━━━ DATA EXTRACT ━━━
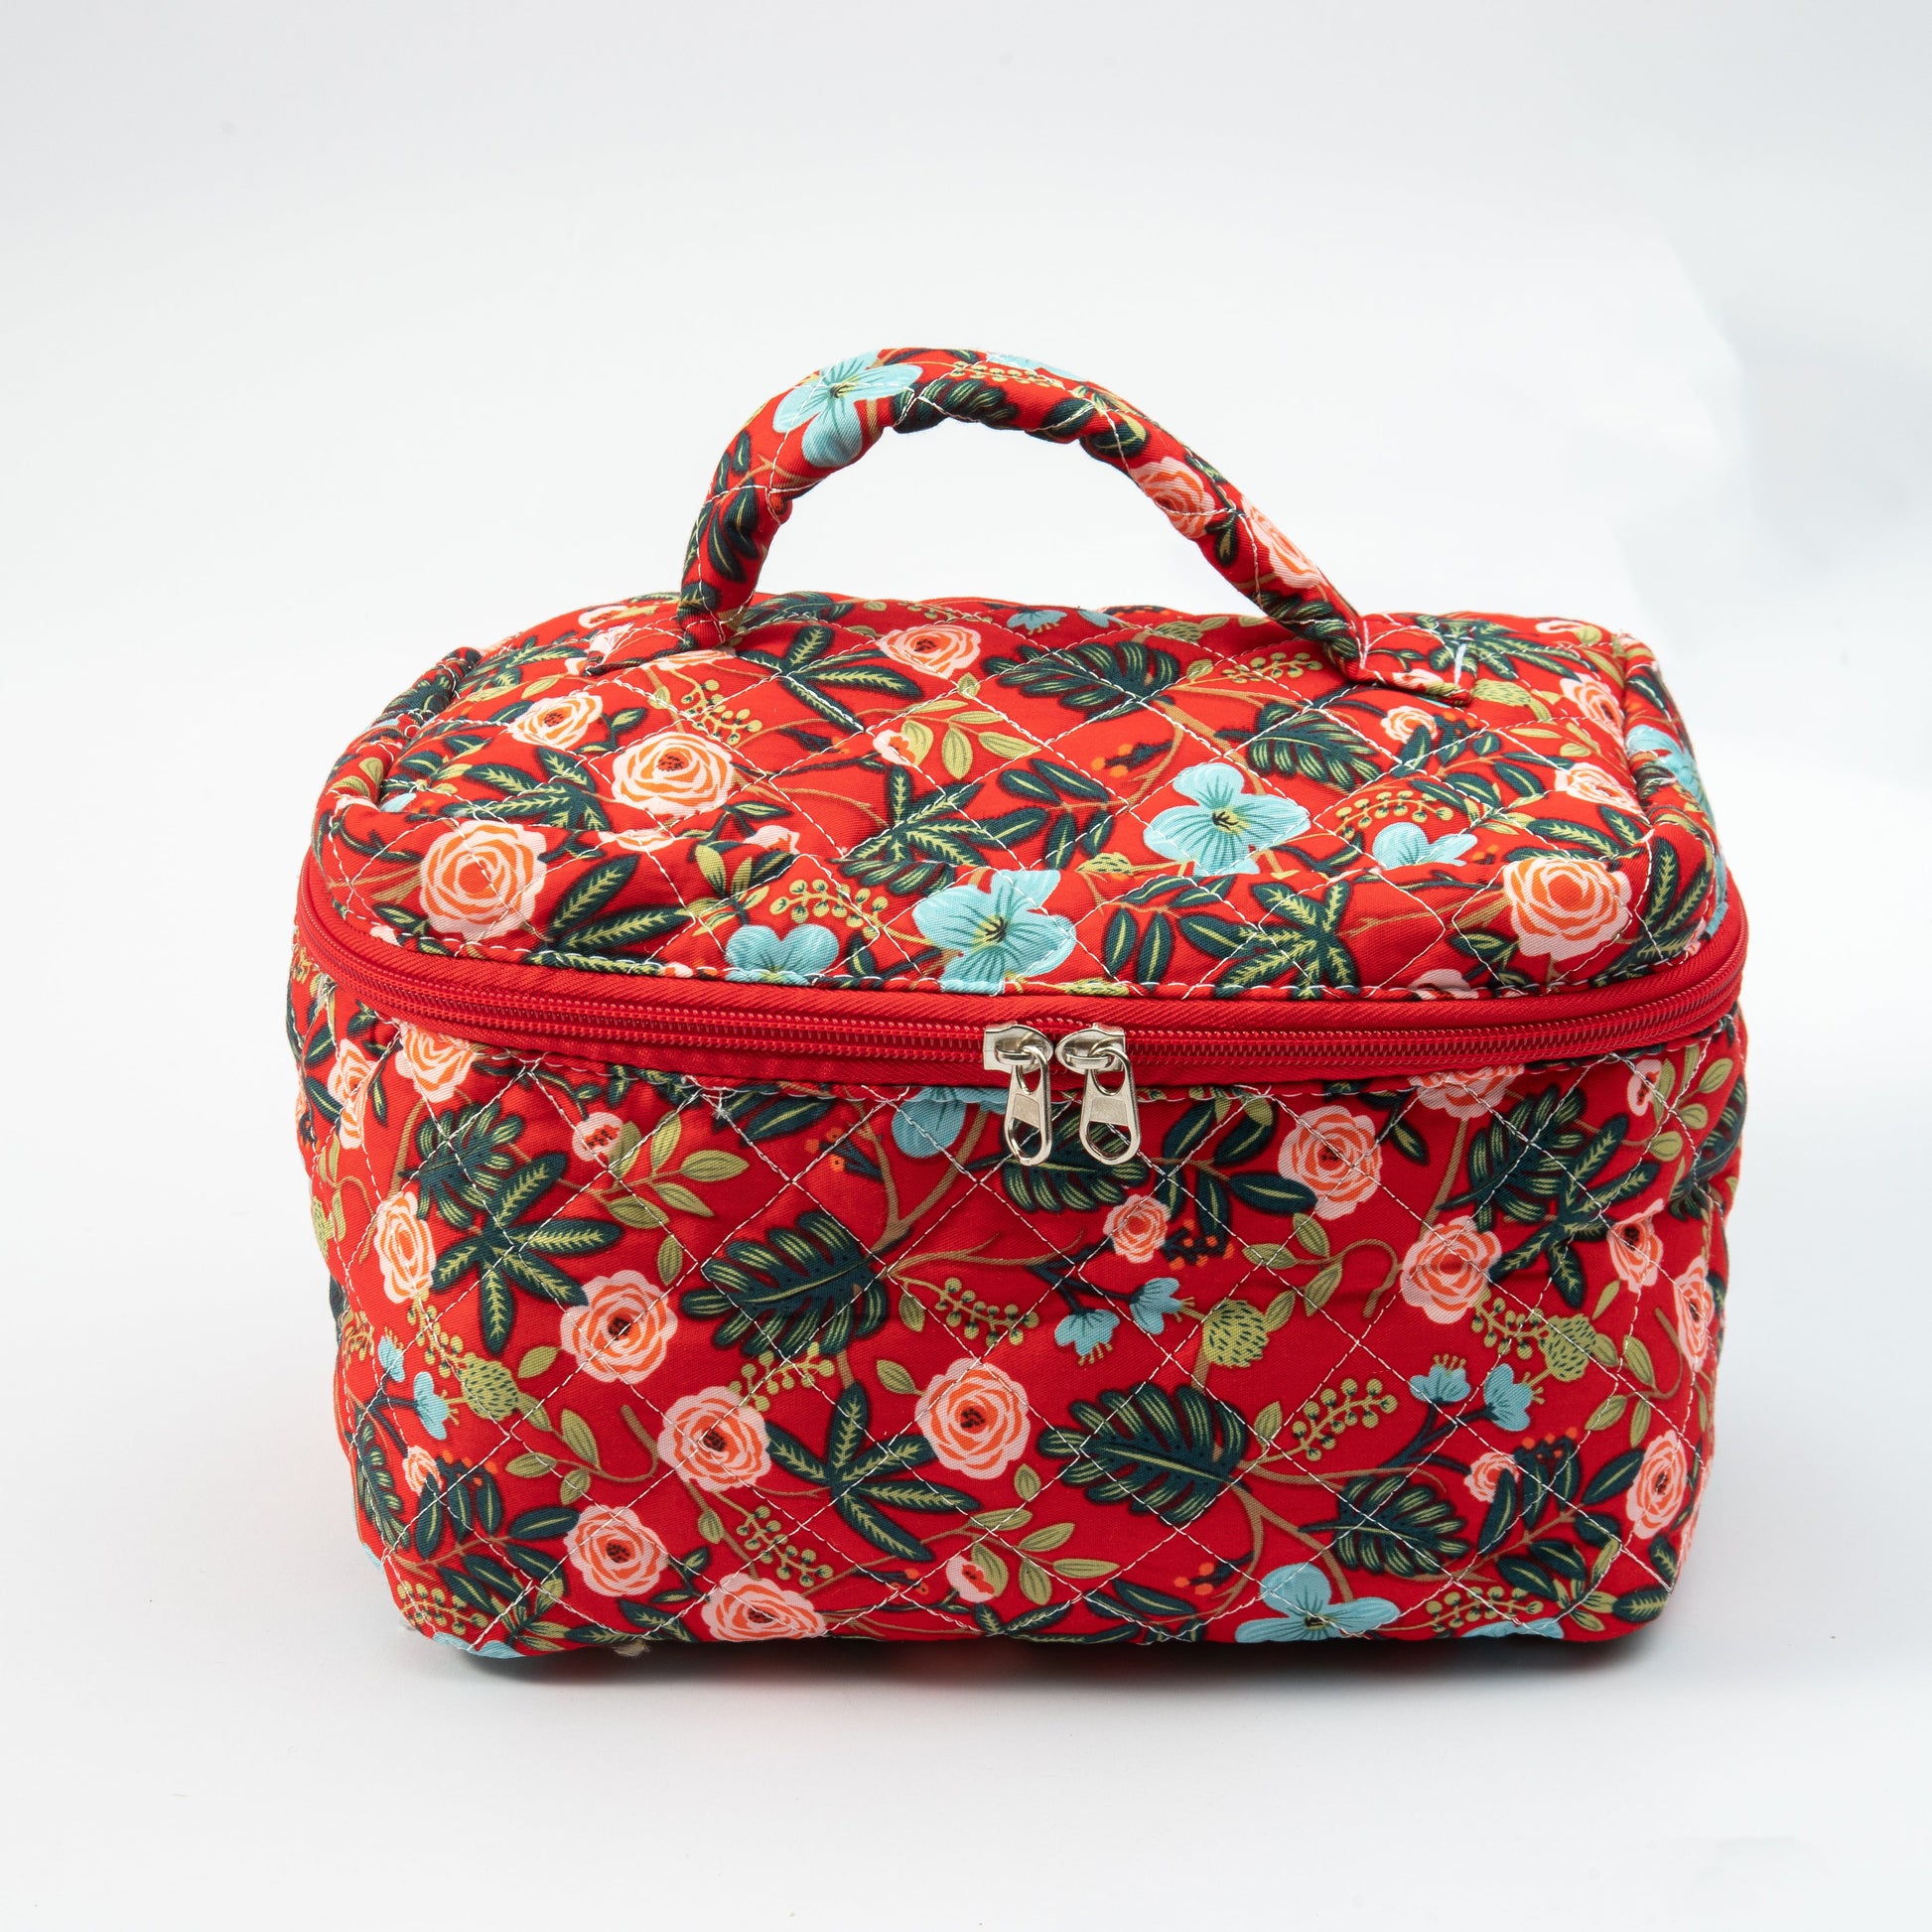 Small Cosmetic Bag With Floral Quilted Makeup Pouch - Travel
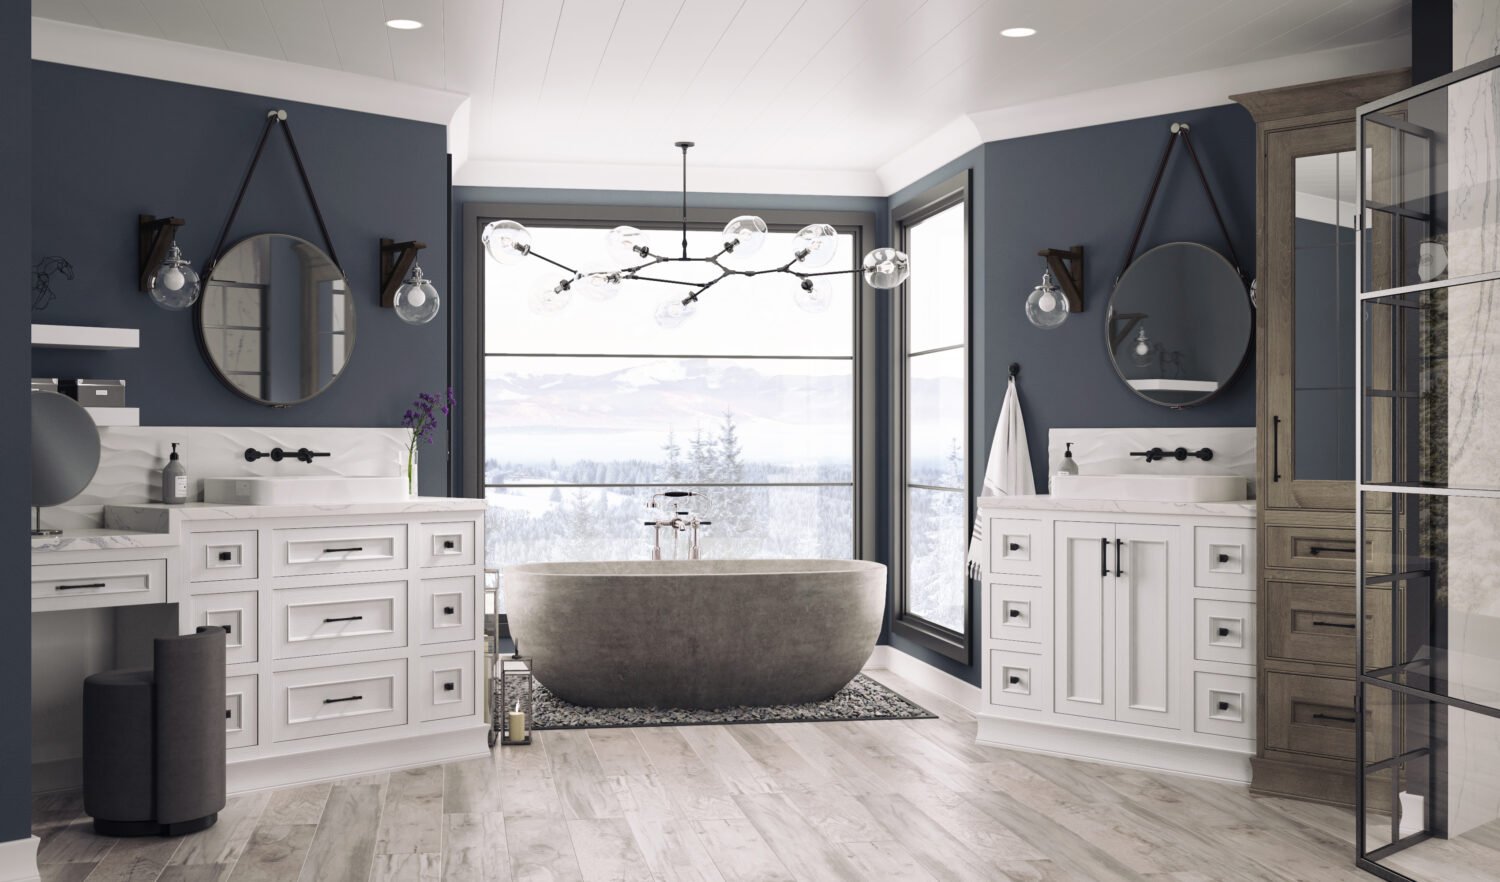 A dream master bathroom with cool navy blue and walls and white painted oak bathroom cabinets and vanities from Dura Supreme. A free standing stone tub sits in front of several large windows with a stunning mountainside view.
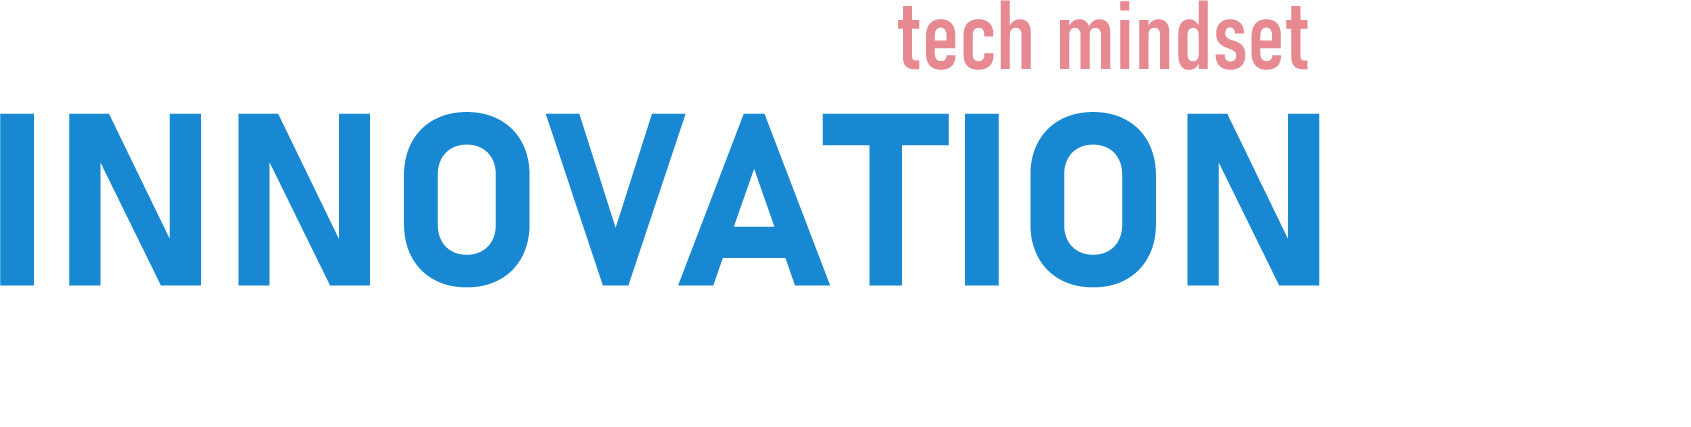 Meet the faces of the new tech mindset. Innovation starts with us.
━━━
### WHAT THE TASK ASKS:
Pictures must not appear in the copy, which must otherwise match the listing exactly.

### EXPECTED ANSWER:
 Small Cosmetic Bag With Floral Quilted Makeup Pouch - Travel
 A dream master bathroom with cool navy blue and walls and white painted oak bathroom cabinets and vanities from Dura Supreme. A free standing stone tub sits in front of several large windows with a stunning mountainside view.
 Meet the faces of the new tech mindset. Innovation starts with us.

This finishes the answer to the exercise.